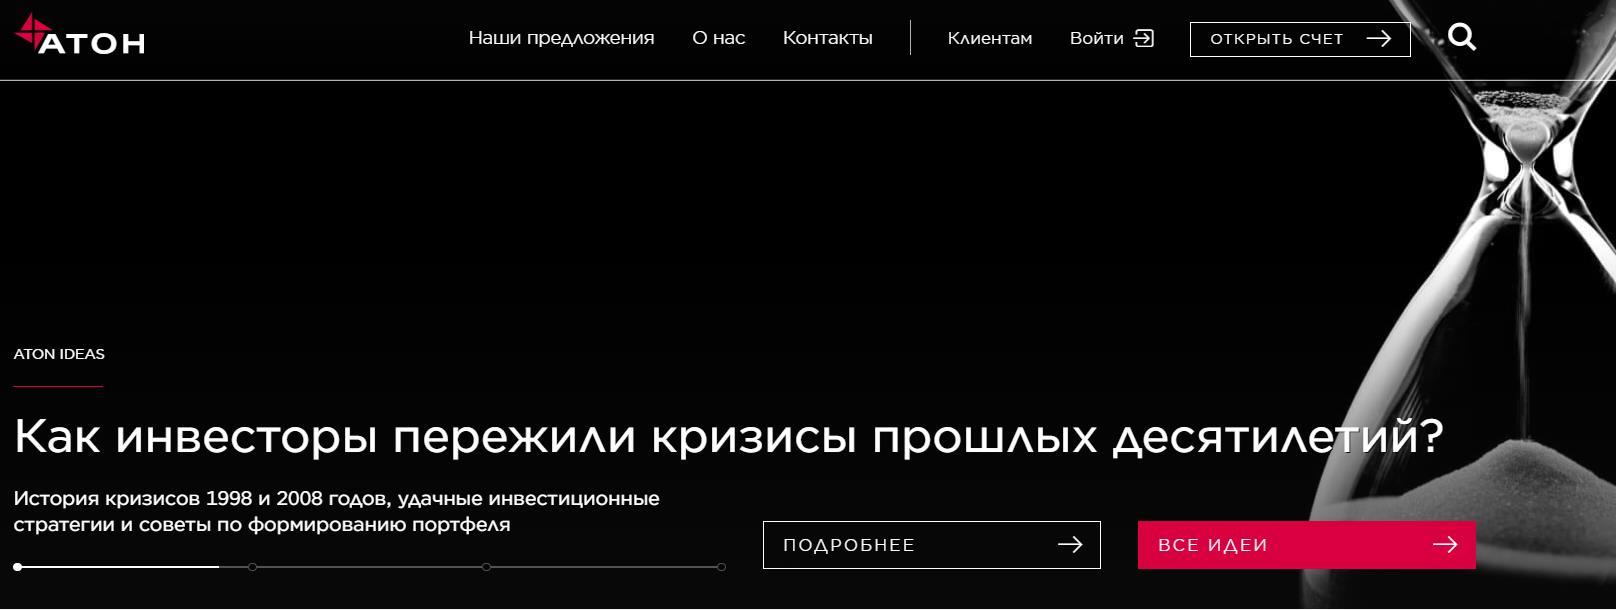 правда про компанию АТОН
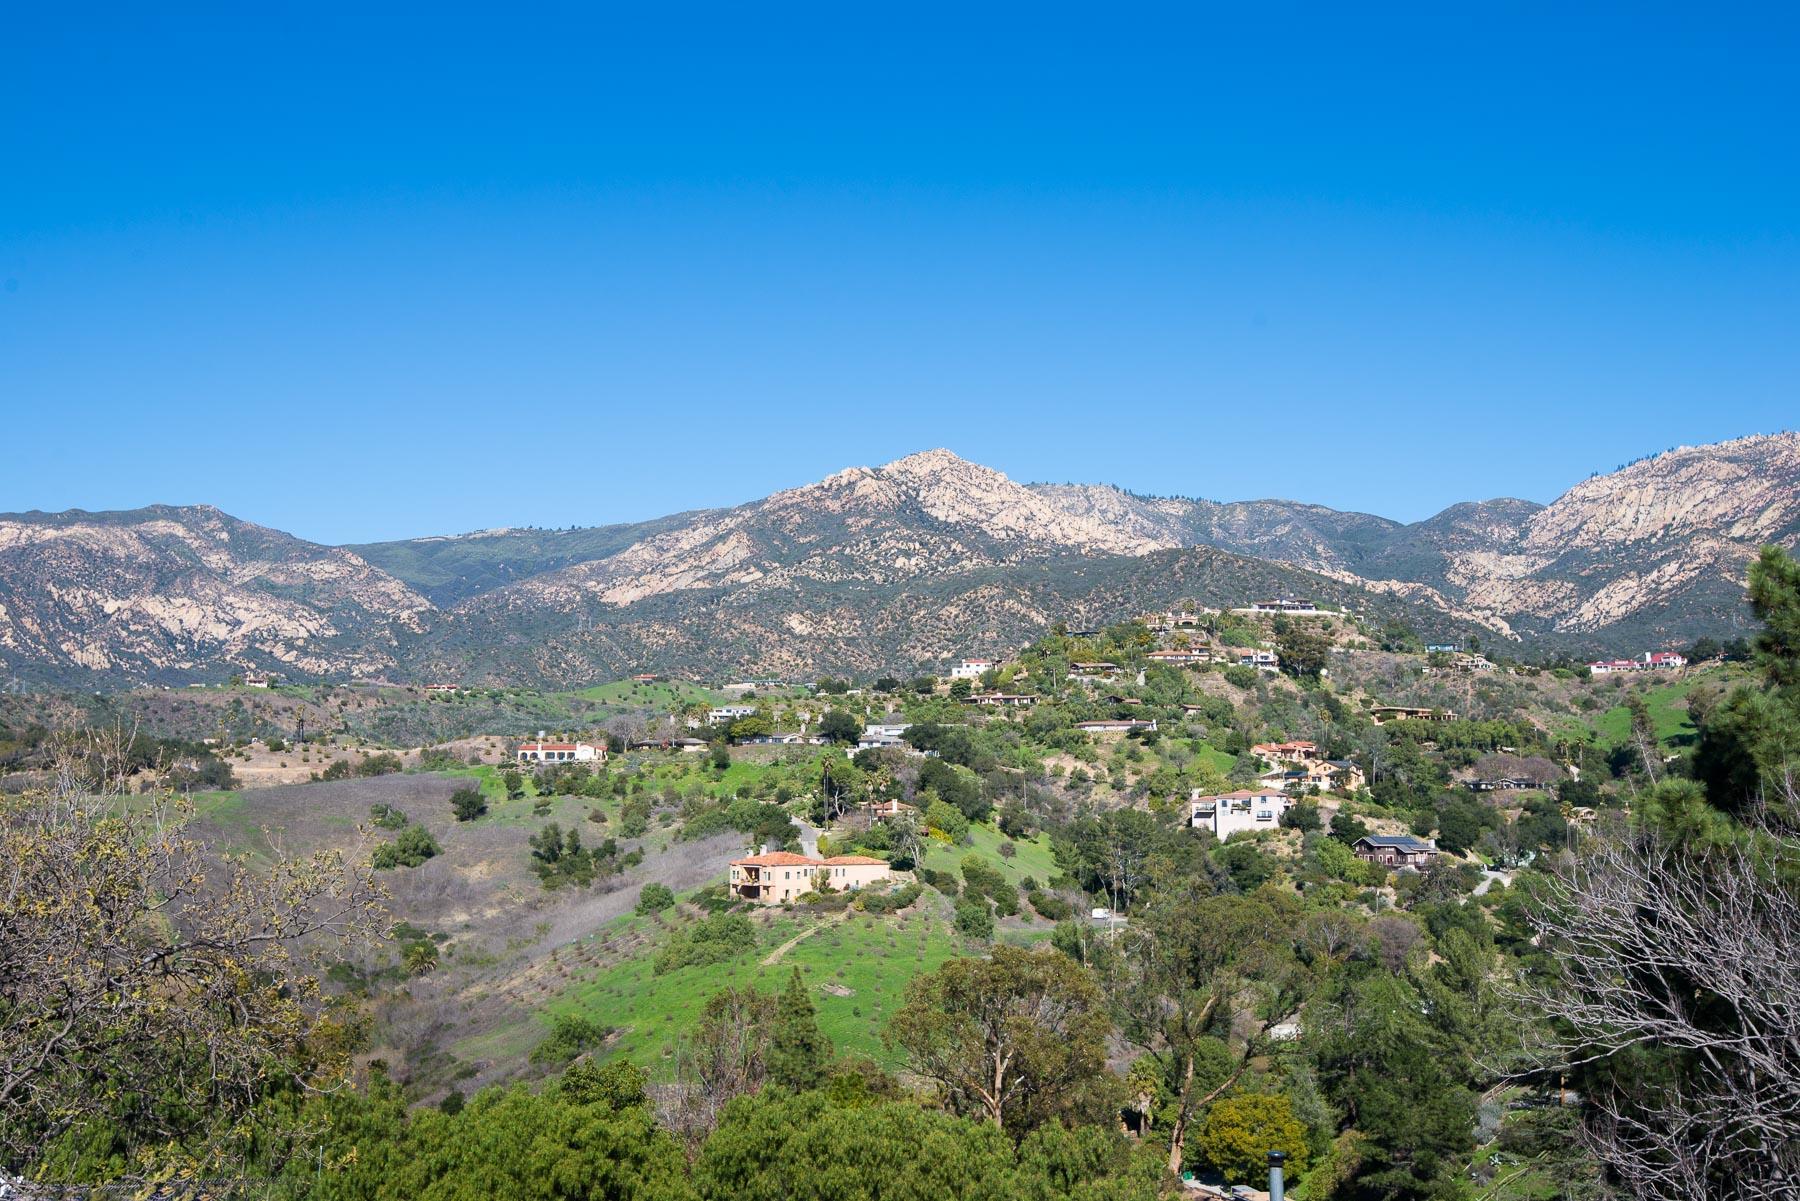 Property photo for 2846 Ben Lomond Dr Santa Barbara, California 93105 - 17-259
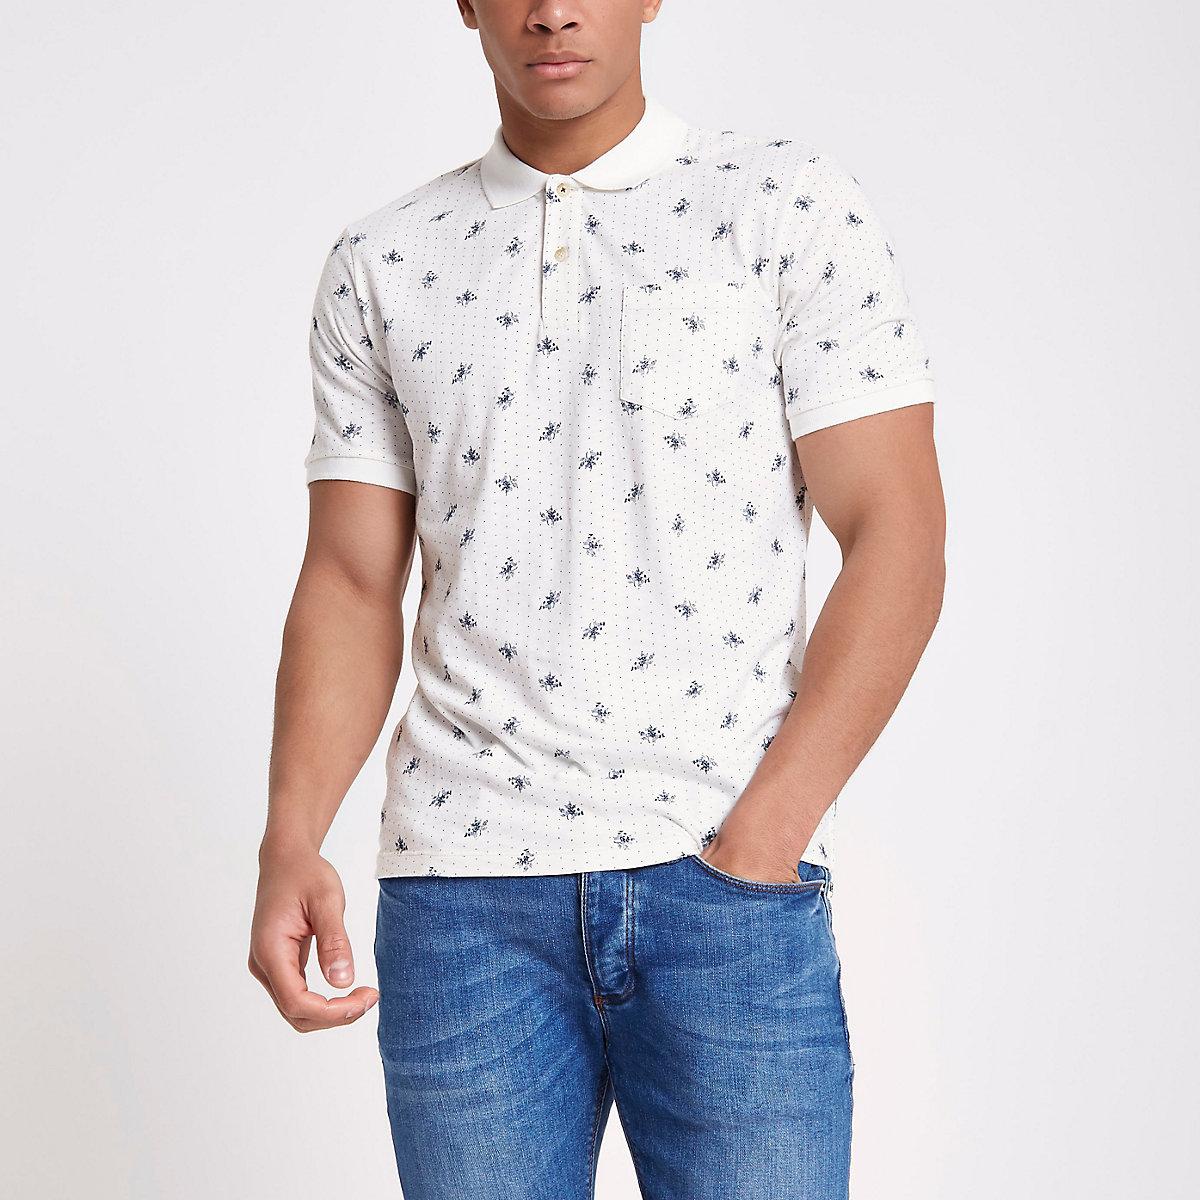 Jack & Jones white floral print polo shirt

################

Rewrite the data above exactly as given, but omit the images.

### ANSWER TO THIS TASK
 правда про компанию АТОН
 Property photo for 2846 Ben Lomond Dr Santa Barbara, California 93105 - 17-259
 Jack & Jones white floral print polo shirt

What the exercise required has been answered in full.